= Strippergate (Seattle) =

2003 government scandal

Strippergate is the name of a 2003 Seattle government scandal and criminal conspiracy masterminded by Frank Colacurcio Sr., a strip-club magnate, and Frank Colacurcio Jr., his son. Former Washington state governor Al Rosellini assisted the Colacurcios by lobbying six members of the Seattle City Council and raising funds for three of the politicians. The scandal is unrelated to the 2000 scandal in San Diego sometimes called by the same name.

In June 2003, James Bush, a reporter for the North Seattle Sun, reported city council members Judy Nicastro, Jim Compton and Heidi Wills received large amounts of campaign donations from the Colacurcio family and their business associates. Eventually, investigators determined the campaign contributions totaled $36,000. The prosecutor found that no councilmember, Nicastro, Wills or Compton did anything wrong.

At the same time, the Colacurcios were seeking to expand parking at Rick's, their strip club in the Lake City neighborhood of Seattle. The parking expansion required zoning changes and had been rejected in previous years by the city council.

The parking expansion was opposed by the neighbors who lived behind Rick's nightclub. People who lived in Seattle in the 1950s and 1960s knew of Colacurcio Sr.'s reputation. He was known as "Seattle's longest-running crime figure, [and] often was portrayed by law-enforcement officials and the news media as one of Seattle's most notorious racketeering figures."

On June 16, 2003, in a 5–4 vote, the council approved the parking zoning changes allowing them to use their existing land for parking requested by the Colacurcios. Nicastro, Compton and Wills, who had received donations from the Colacurcios and their associates, voted in favor of the parking-lot expansion.
This vote was consistent with all their previous land use votes not associated with the Colacurcios.

As the scandal blew up in the press, Seattle P-I writer Lewis Kamb first reported that City Hall insiders were referring to it as "StripperGate" during a July 26, 2003 profile of the elder Colacurcio and his family's notorious past. In part, the story read:

Frank Colacurcio is 86 years old. A halo of white hair and tinted bifocals frame a round face and otherwise shiny pate. The brawn that once described his build in long-yellowed newspaper clippings has mostly vanished with age, much like his name from headlines in recent years. The name is back in newsprint again, enmeshed in what some city insiders call tongue-in-cheek 'StripperGate'—but what Colacurcio dismisses as nothing more than a trumped-up scandal not worth the two-bits that decades ago fed the jukeboxes and pinball machines that helped spawn an adult entertainment empire. Officially, it's Frank Jr.—Colacurcio's 41-year-old only child—who runs the family's nightclub operations now. And officially, it's political donations by Frank Jr. and his associates that are raising eyebrows these days: at least $31,000 split among City Council members Judy Nicastro, Heidi Wills and Jim Compton. More than half of that money went to Nicastro.

The Council members returned all the money.

After investigations by the Seattle Ethics and Elections Commission and the King County Prosecutor's Office, the Colacurcios' associates' donations were revealed to be "political money laundering" according to King County Prosecuting Attorney Norm Maleng. In order to circumvent campaign finance laws, the Colacurcios had given $36,000 to their associates with instructions to contribute the funds to Nicastro, Compton and Wills.

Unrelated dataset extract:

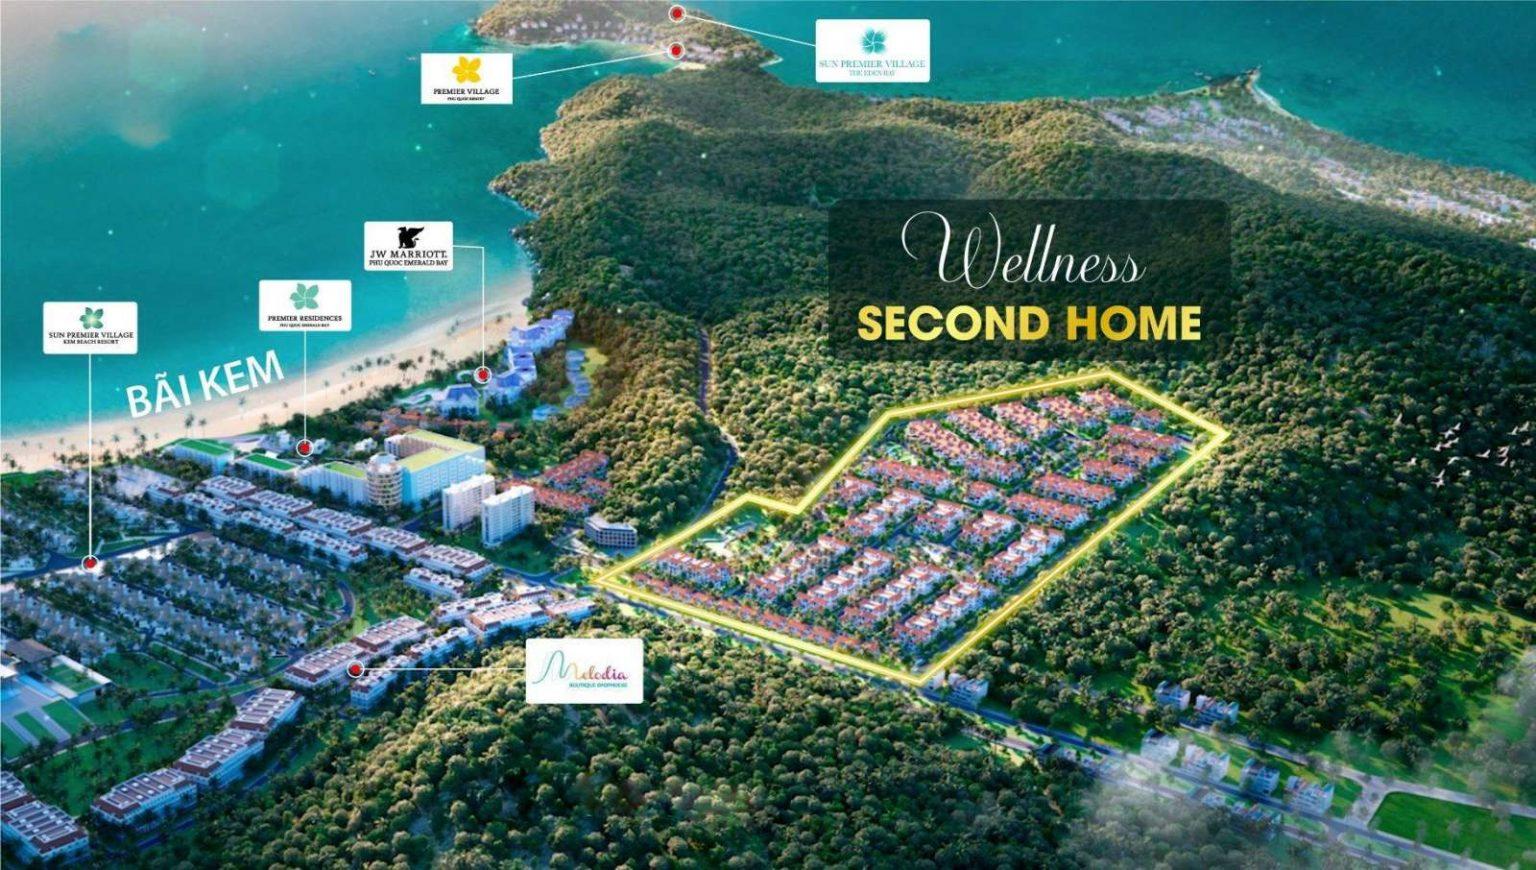 Làng nhiệt đới Sun Tropical Village - Wellness Second Home tại Nam Phú Quốc

The committee further concluded that Nicastro, Compton, and Wills had done nothing wrong and had no knowledge of the source of funds.

In January 2008, the Colacurcios both pleaded guilty to felony charges and paid King County $20,000 in fines for criminal violations. In a civil suit brought by the Seattle Ethics and Elections Commission, the Colacurcios paid $55,000 in fines for breaking city election laws.

Heidi Wills unsuccessfully attempted to return to the Seattle City Council in 2019.